The film ends with the eldest sibling, Mike Beardsley, going off to Camp Pendleton to begin his stint in the United States Marine Corps.

Cast 

 Henry Fonda as CWO Frank Beardsley, USN
 Lucille Ball as Helen Beardsley
 Van Johnson as CWO Darrell Harrison, USN
 Walter Brooke as Howard Beardsley (Frank's brother.)
 Nancy Howard as Nancy Beardsley (Frank's sister-in-law)
 Sidney Miller as Dr. Ashford (Helen's date)
 Louise Troy as Madeleine Love (Frank's date)
 Tom Bosley as a family doctor who makes a house call on the Beardsleys, and is also the consulting physician for the California Draft Board when Mike Beardsley reports for a required physical exam.
 Ben Murphy as Larry, Colleen's boyfriend

 Jennifer Gan as Young Lady In Coffeehouse
 Larry Hankin as Supermarket Clerk
 Mary Gregory as Sister Mary Alice, who questions Philip's use of the Beardsley name
 Harry Holcombe as the judge who handles the grand mutual adoption
 Ysabel MacCloskey as Nanny #1, who lasts less than a day.
Pauline Hague as Nanny #2, aka "Mrs. Anderson." She lasts a week because she is hiding from the police. After a stint with the Beardsleys, she turns herself in.
 Marjorie Eaton as Nanny #3, aka "Mrs. Ferguson," who famously says, "Mrs. Anderson was last week; I'm Mrs. Ferguson, and you can mail me my check!" She fights Louise precipitating Frank's second meeting with Helen.

The Beardsley Children
 Tim Matheson as Mike (credited as "Tim Matthieson")
 Gil Rogers as Rusty
 Gary Goetzman as Greg
 Nancy Roth as Rosemary
 Morgan Brittany as Louise (Credited as "Suzanne Cupito")
 Maralee Foster as Mary
 Holly O'Brien as Susan
 Michele Tobin as Veronica
 Tracy Nelson as Germaine
 Stephanie Oliver as Joan

The North Children
 Jennifer Leak as Colleen
 Kimberly Beck as Janette
 Kevin Burchett as Nick
 Mitch Vogel as Tommy
 Margot Jane as Jean
 Eric Shea as Philip
 Greg Atkins as Gerald
 Lynnell Atkins as Teresa

Reality versus film 
This film departs in several various ways from the actual lives of Frank and Helen Beardsley and their children.

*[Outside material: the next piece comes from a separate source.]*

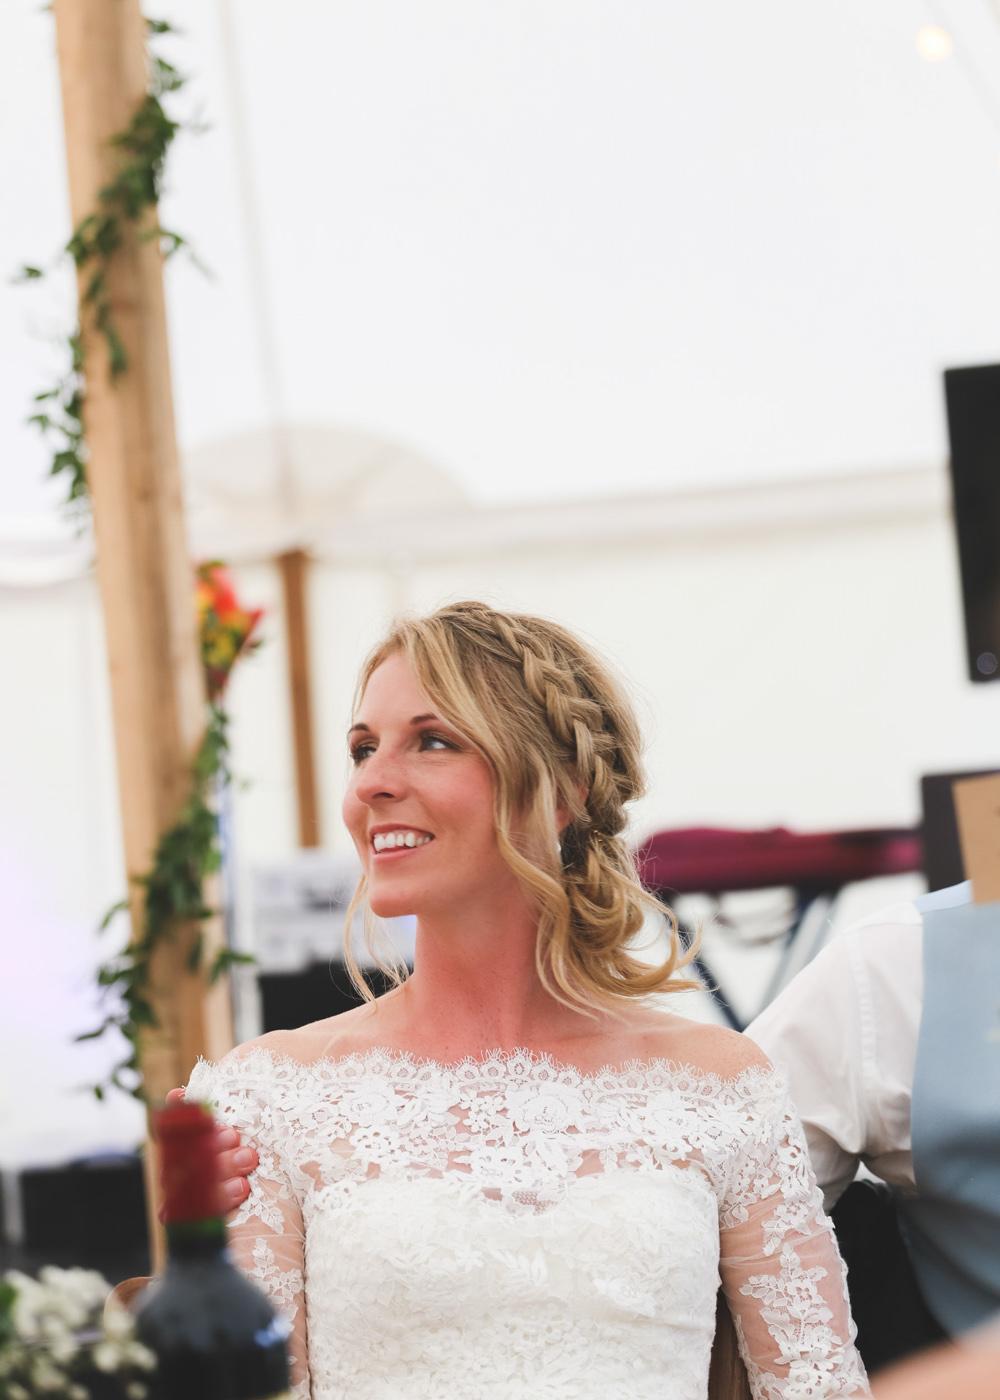 Bride Bridal Hair Style Up Do Plait Braid Make Up Airbnb Wedding Pickavance Weddings

The names of Frank and Helen Beardsley and their children are real; the wedding invitation that appears midway through the film is the actual North-Beardsley wedding invitation. The career of Lieutenant Richard North USN is also described accurately, but briefly: specifically, he was a navigator on the crew of an A-3 Skywarrior that crashed in a routine training flight, killing all aboard, exactly as Helen describes in the film. Frank Beardsley is described correctly as a Navy warrant officer. The "loan-out" of the two youngest Beardsleys is also real, and indeed Michael, Charles ("Rusty"), and Gregory Beardsley were determined to see their father marry Helen North as a means of rectifying this situation. The movie correctly describes Frank Beardsley as applying his Navy mind-set to the daunting task of organizing such a large family (although the chart with the color-coded bathrooms and letter-coded bedrooms--"I'm Eleven Red A!"—is likely a Hollywood exaggeration). Finally, Michael Beardsley did indeed serve a term in the Marine Corps, as did Rusty.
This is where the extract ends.